To evaluate the endoscopic treatment efficacy and prognostic factors of long-term response to treatment for painful chronic pancreatitis.

METHODS

This retrospective analysis identified 168 patients with painful chronic pancreatitis hospitalized during January 2010-January 2015 in a Romanian tertiary referral center. Data on demographics, medical history, alcohol consumption, smoking habit, clinical parameters, type and number of endoscopic procedures and hospital admissions number were collected from the medical charts and analyzed. The absence or substantial reduction of pain (mild pain) at the end of the follow-up associated with the technical success of endotherapy was considered as clinical success.

RESULTS

Among the 168 patients with painful chronic pancreatitis admitted to our department during the study period, 39 (23.21%) had optimal response to the medical therapy. One hundred and twenty-nine patients required endoscopic treatment. The median follow-up period was 15 mo (range, 0-60 mo). Overall, technical success of endotherapy was achieved in 105 patients (81.39%). More than two-thirds of patients (82.78%) had substantial improvement of pain after the endoscopic treatment, including frequency and severity of the pain attacks. Patients younger than 40 years had significantly more successful endoscopic procedures (P = 0.041). Clinical success was higher in non-smoking patients (P = 0.003). The hospital admission rate was higher in patients with recognized alcohol consumption (P = 0.03) and in smokers (P = 0.027). The number and location of pancreatic stones and locations of strictures did not significantly influence the technical success (P > 0.05) or the clinical success (P > 0.05).

CONCLUSION

Younger age than 40 years can be considered an important factor positively influencing endoscopic treatment outcome in patients with painful chronic pancreatitis.
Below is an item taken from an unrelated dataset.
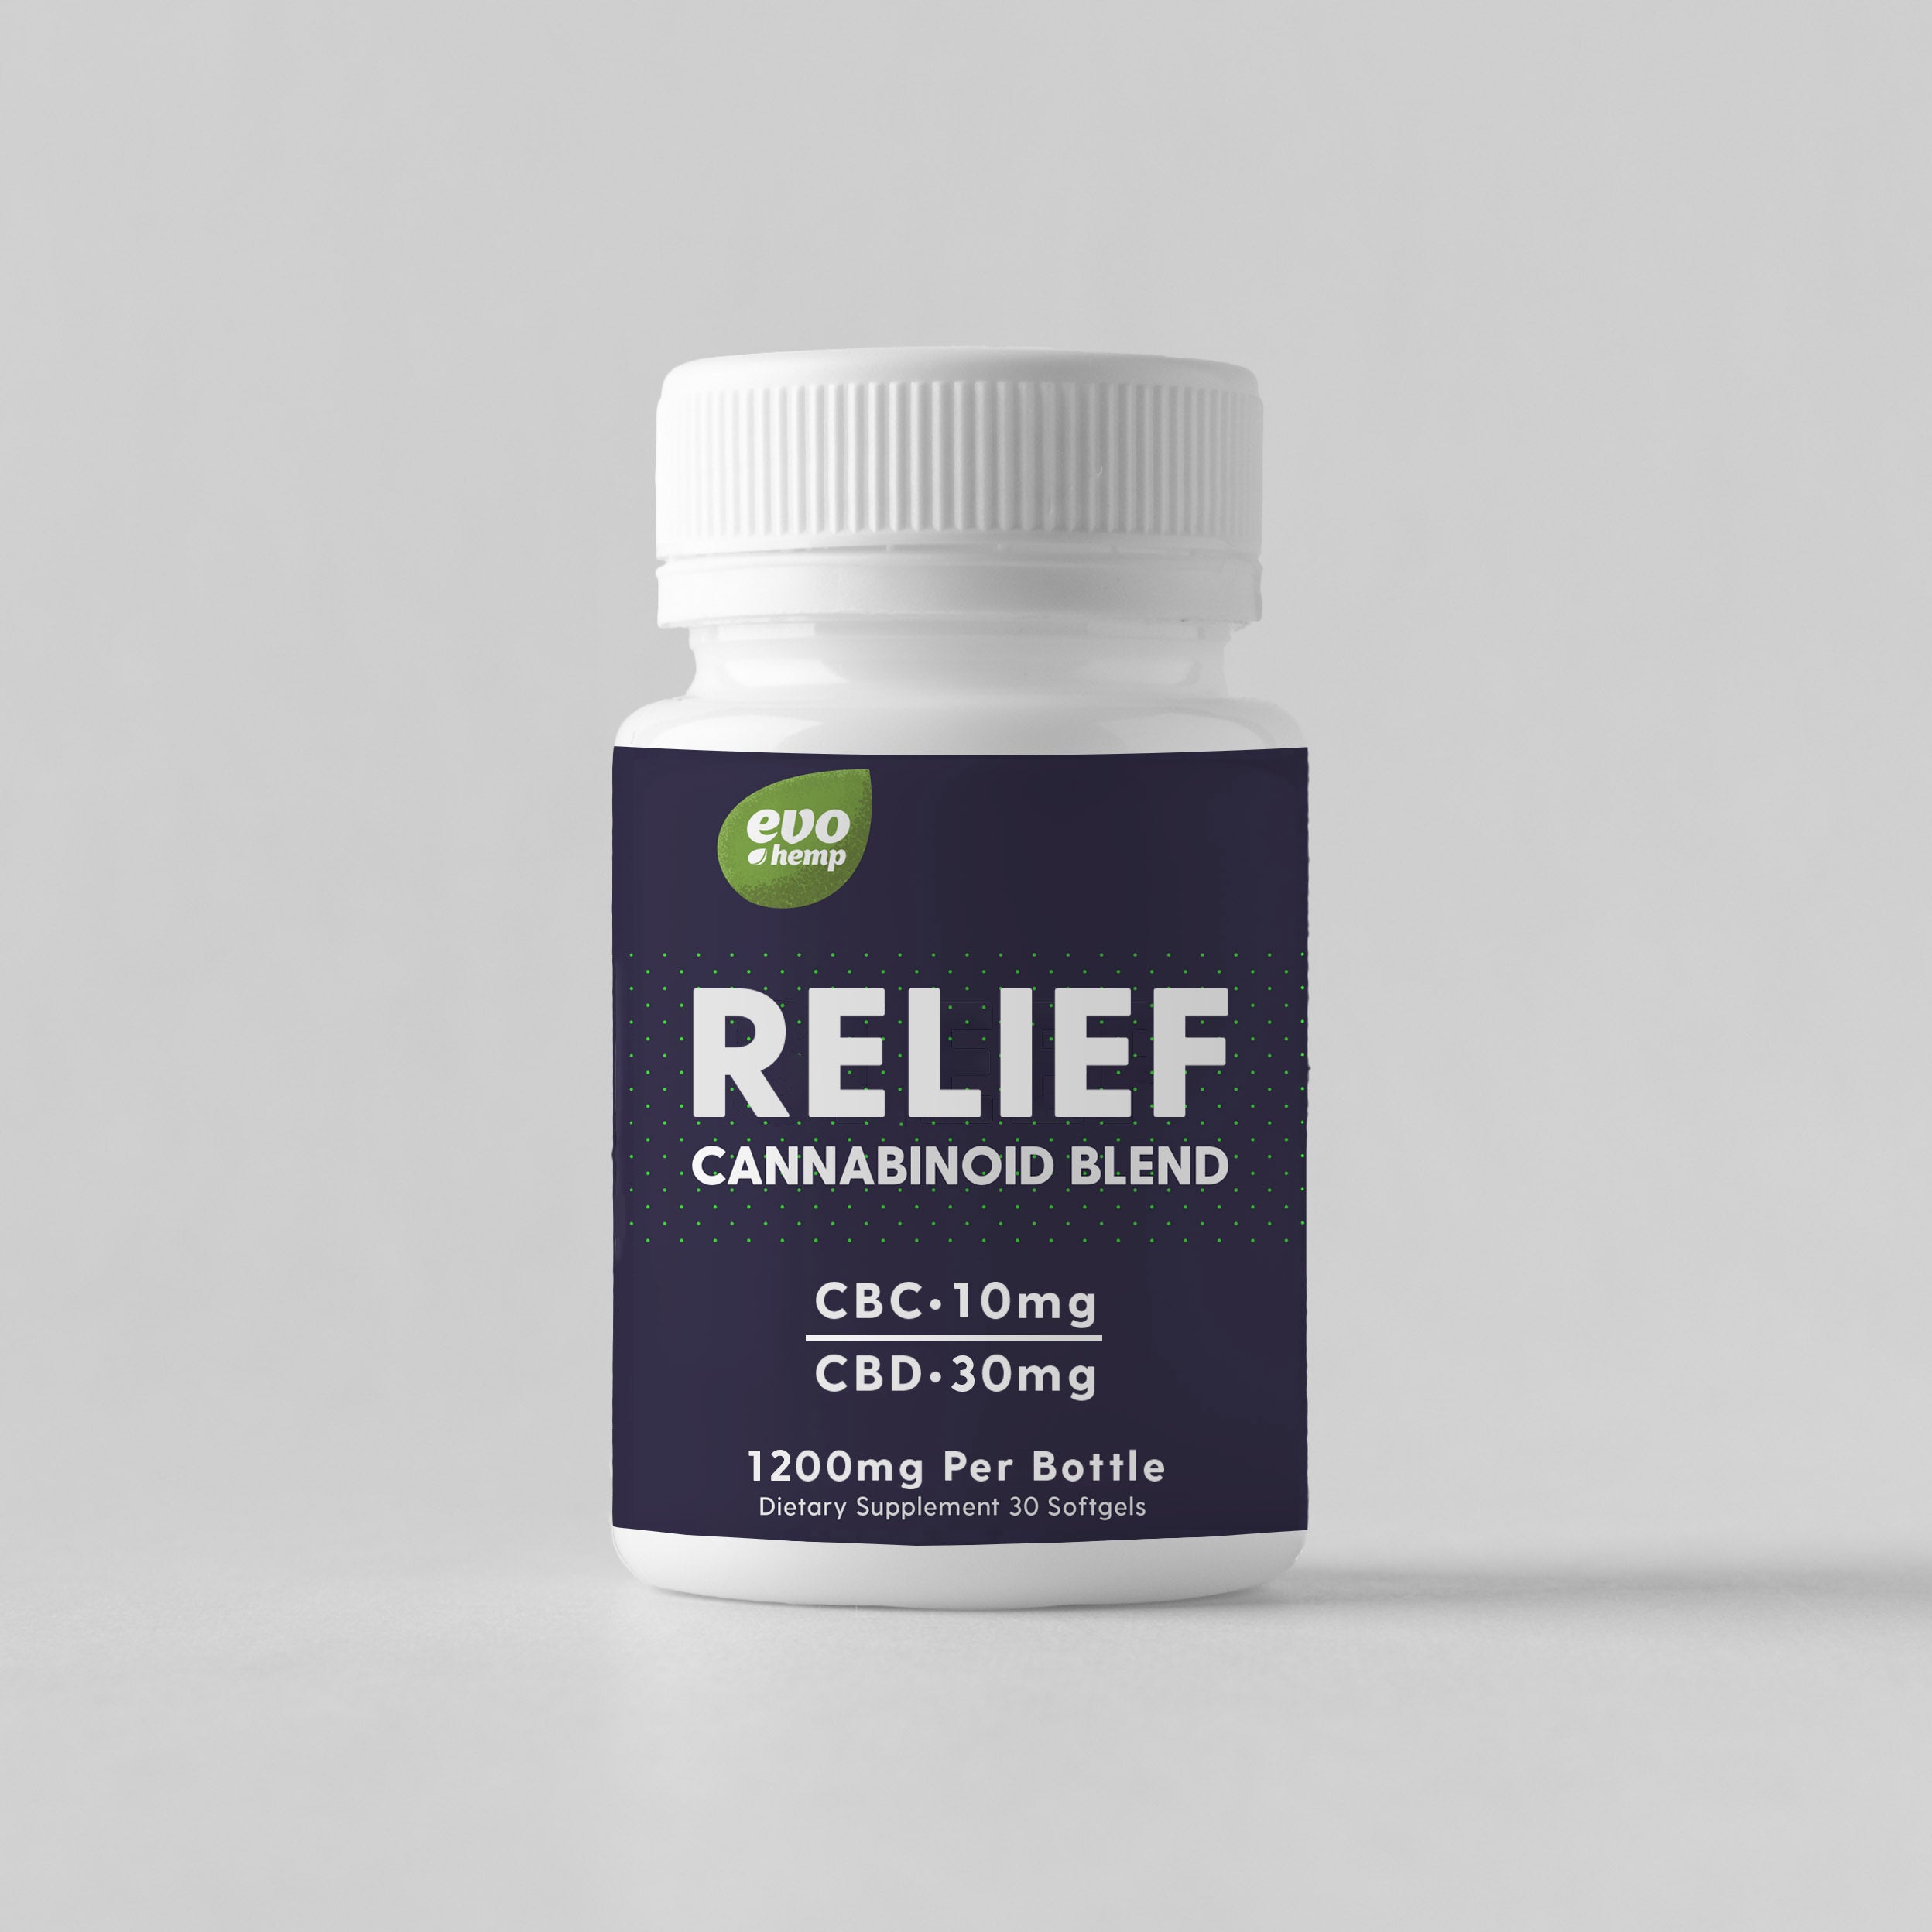 Relief Blend

Keywords: Pain, Chronic pancreatitis, Endoscopic procedures, Alcohol, Smoking, Hospital admission, Technical success, Clinical success

Core tip: We evaluated the endoscopic treatment efficacy and prognostic factors of long-term response in painful chronic pancreatitis. Technical and clinical success was achieved in more than two-thirds of patients. Patients younger than 40 years had significantly more successful endoscopic procedures. Non-smoking patients had greater clinical success. Also, the hospital admission rate was higher in patients with recognized alcohol consumption and in smokers. Number and location of pancreatic stones and locations of strictures did not significantly influence the technical or clinical success. Younger age can be considered an important factor that positively influences the endoscopic treatment outcome in these patients.